The problem I'm trying to solve is negotiating two possible power supplies for the PCB, input 1 from linear regulator and input 2 from the USB bus. I do not want the USB bus providing power to the regulator as it currently does which back powers the 12V supply. I realise I could use diodes to achieve this, but I would like to get this to work!

I'm using LEDs at input 1 and 2 to confirm which power source is active.

If I only connect power to input 1 then load lights up and the LED at input 2 does not : intended behaviour.

If I only connect power to input 2 then load lights up and LED at input 1 does not: intended behaviour.

In reality power is likely to be supplied at input 1, then power supplied by input 2 and I want input 1 to be disconnected. This appears to happen. However then, when I disconnect power from input 2 leaving power on input 1, load does not light up: not intended behaviour.

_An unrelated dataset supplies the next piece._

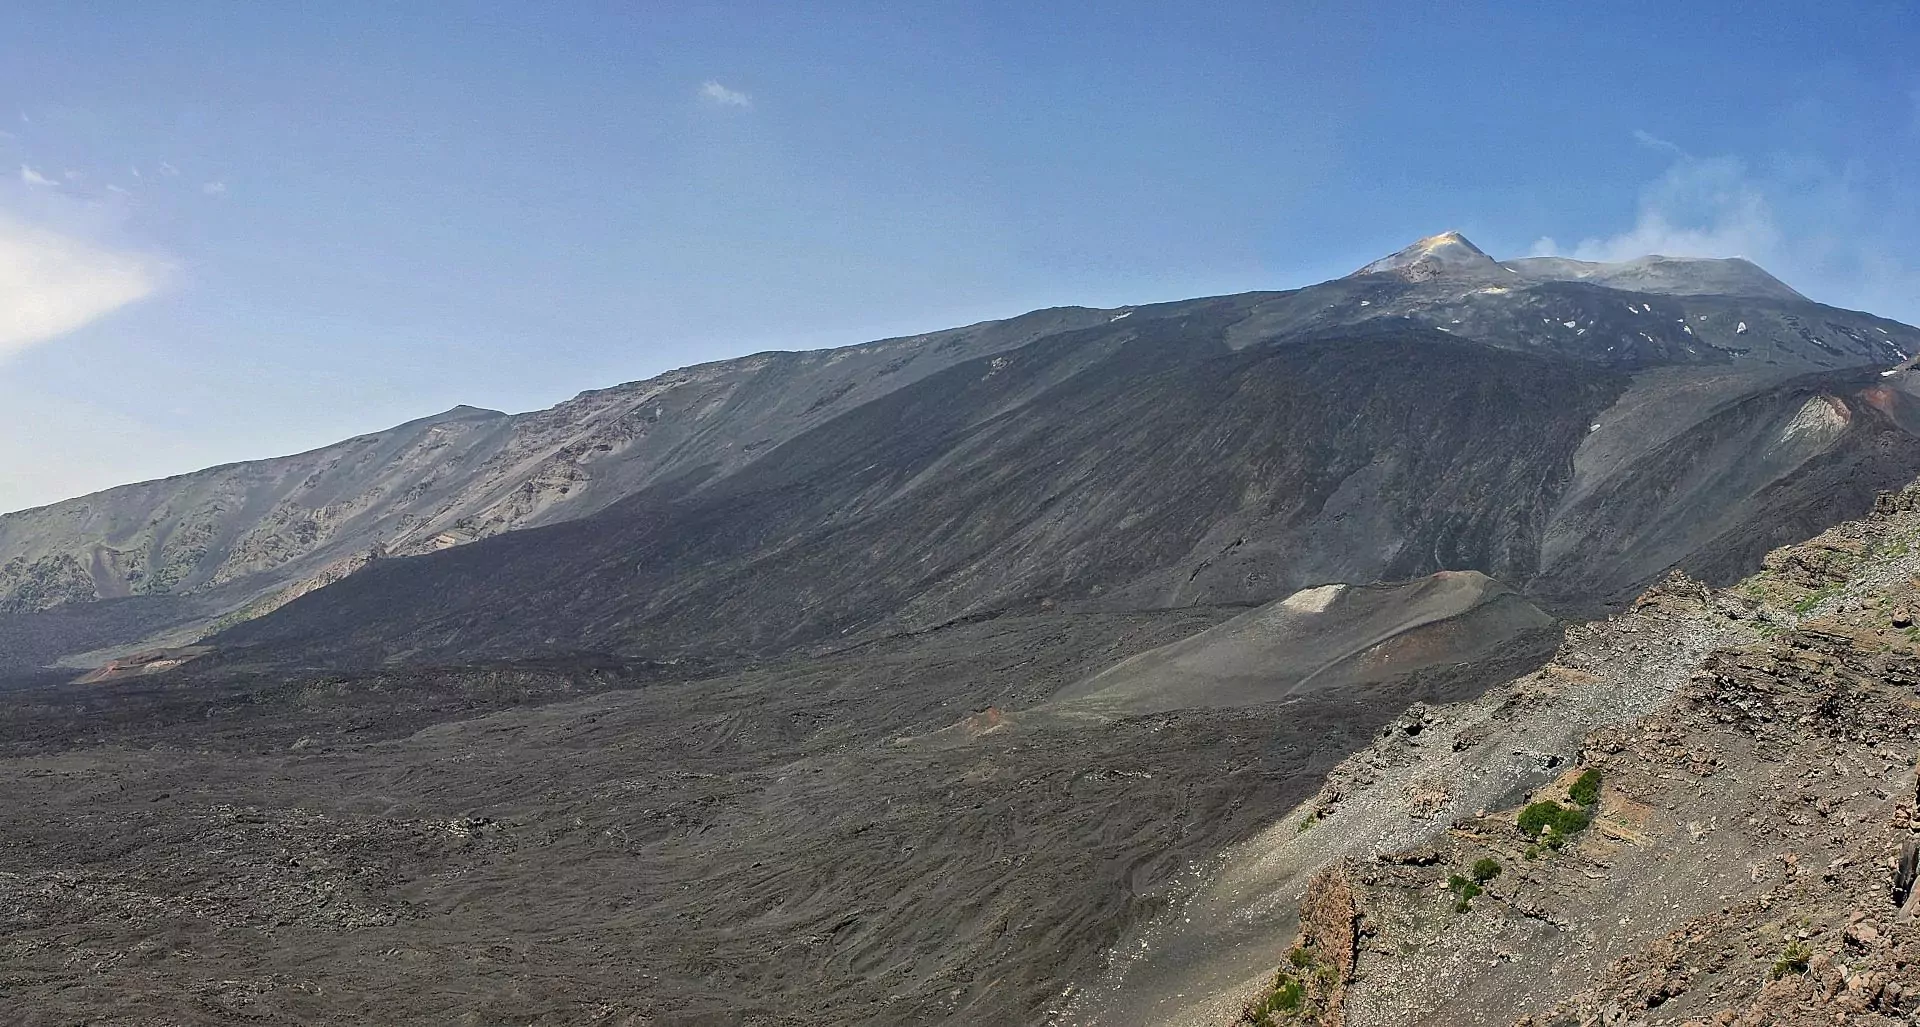 La Valle del Bove: un'enorme rientranza sul versante orientale dell'Etna, creata dal crollo della precedente cima
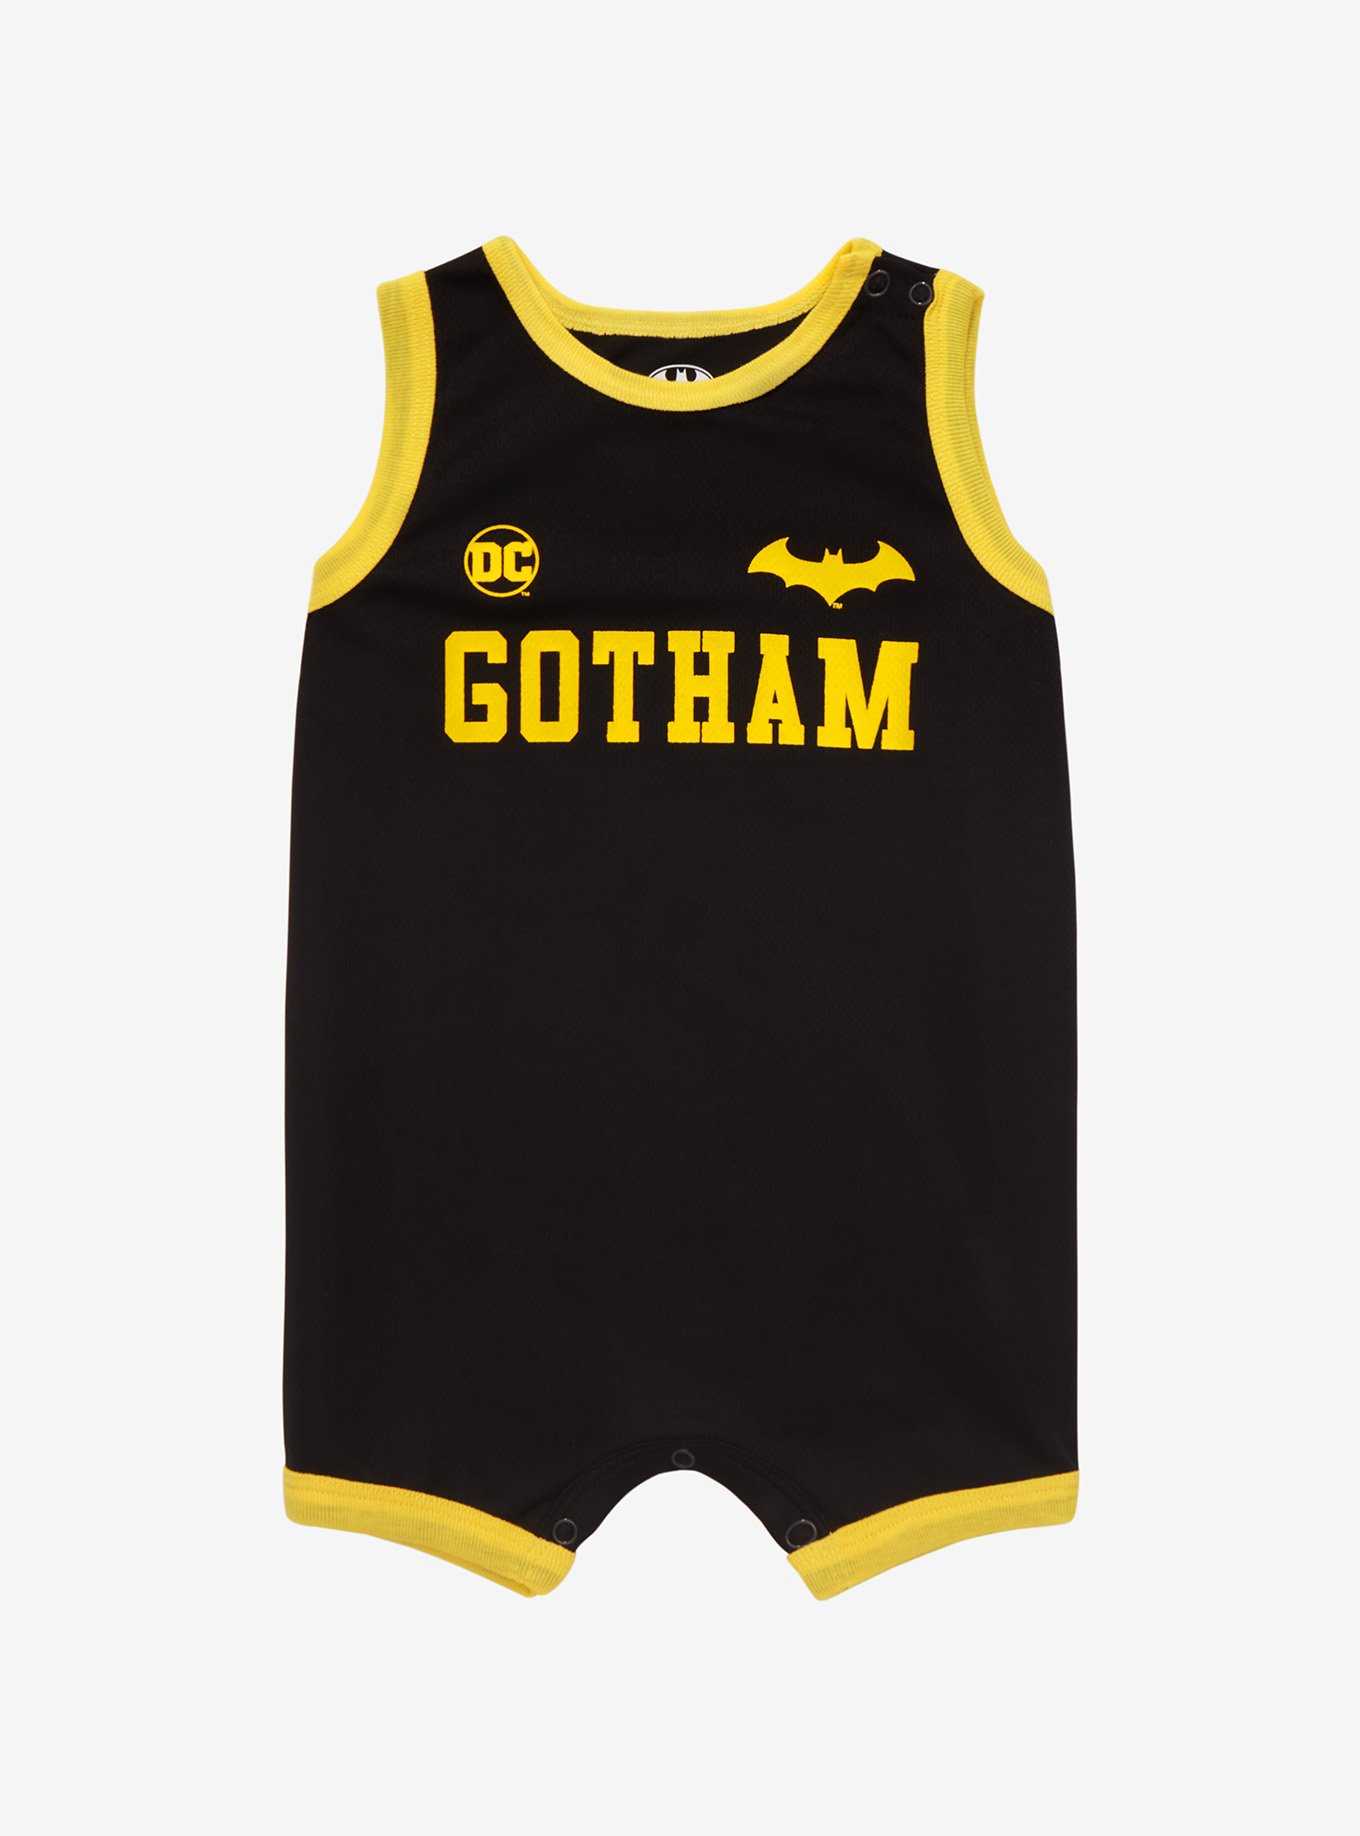 DC Comics Batman Gotham Infant Basketball Jersey Romper - BoxLunch Exclusive, , hi-res

I would like input 1 to be passed through to the load when input 2 is disconnected. If I measure the voltage at A it reads 0.8V which is enough to keep the logic level AO3402 on. If I then connect input 2 directly to ground, forcing the gates of Q7 and Q13 to 0V, the load lights up.

I am uncertain as to why the gates are kept at 0.8V. I have tried a lower value pull down at R36 but this does not work.

Any ideas appreciated, or different approaches also welcome. I do realise the two diodes would achieve the same result, but there may be significant power draw so I would like efficiency to be good.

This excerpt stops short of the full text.